The Perl6 docs state "By default, parameters are bound to their argument and marked as read-only." But running the following code:
# Example 1
sub f1 ( $x ) { say $x.VAR.WHAT; say $x.WHAT; say $x }
f1(1);
yields:
(Scalar)
(Int)
1
while this code:
# Example 2
my $y := 1;
say $y.VAR.WHAT; say $y.WHAT; say $y;
yields:
(Int)
(Int)
1
It's the (Scalar) in the output of Example1 that I do not understand: why is there a Scalar when I supposedly bind the Int 1 - argument to the identifier $x ? It seems as if the value 1 got "assigned" to $x, rather than "bound".

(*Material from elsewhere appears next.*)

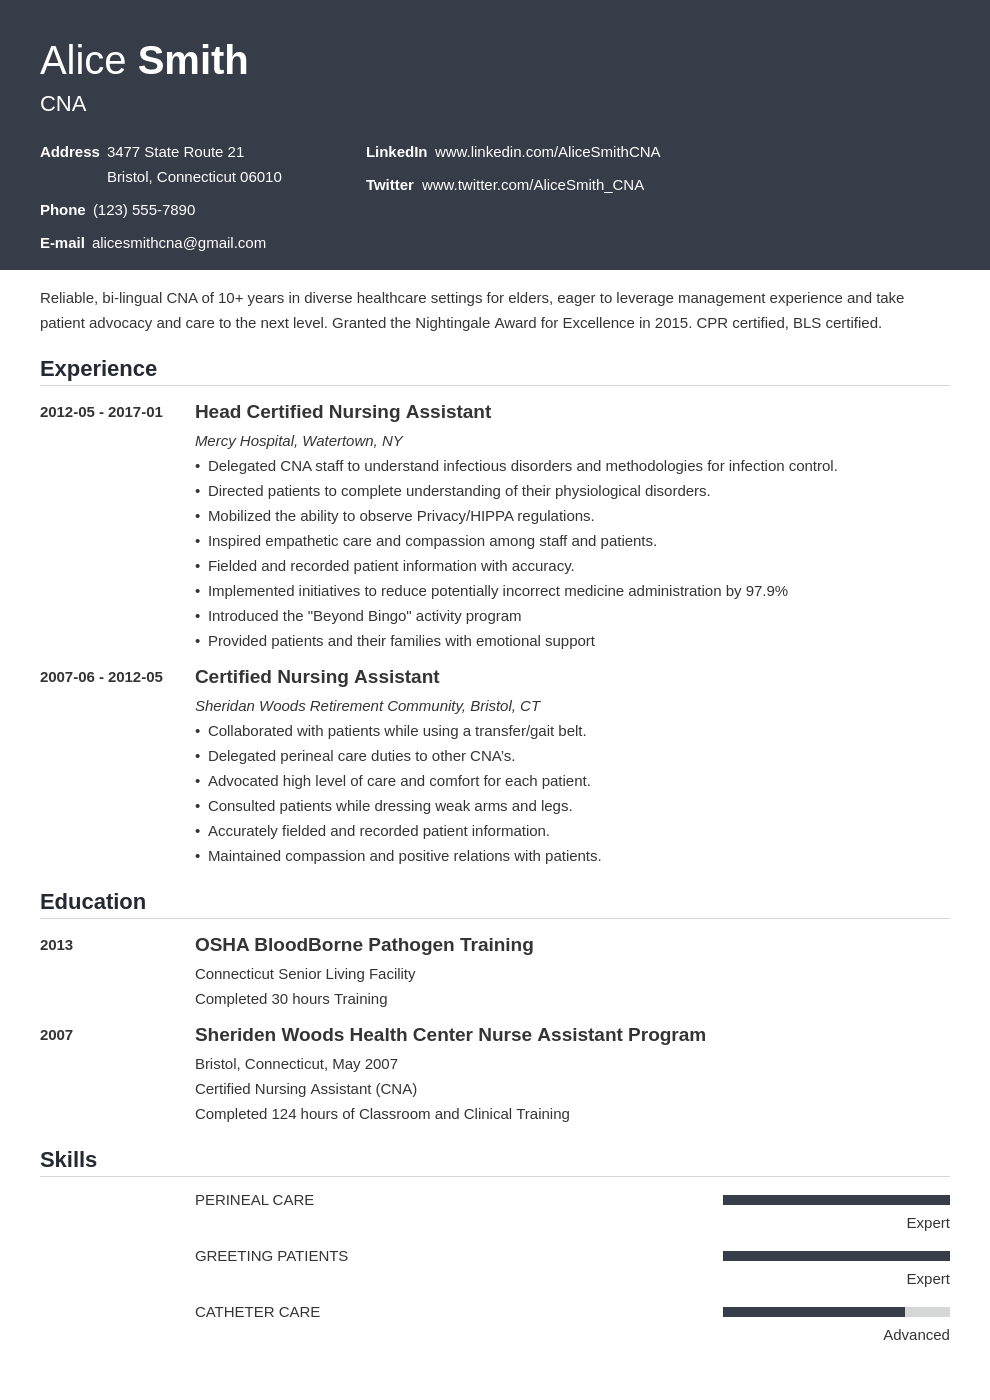 How We Improved Our resume In One Week

Scalar containers are also used to indicate items, and thus prevent flattening of them. In the absence of a type constraint, the implementation will conservatively wrap the incoming argument into a read-only Scalar container to avoid any unexpected flattening taking place. Contrast this:
sub foo($x) {
my @a = $x;
say @a.elems;
}
foo([1,2,3]);
Which outputs 1 (no flattening), with a sigilless binding:
sub foo(\x) {
my @a = x;
say @a.elems;
}
foo([1,2,3])
Which outputs 3, since no item context is imposed. Were the Scalar container not there, both would output 3.
In the presence of a non-Iterable type constraint, this wrapping will be omitted. Thus writing:
sub f1(Int $x) {
say $x.VAR.WHAT;
say $x.WHAT;
say $x
}
f1(1)
Will output:
(Int)
(Int)
1
With .VAR simply yielding identity on a non-container.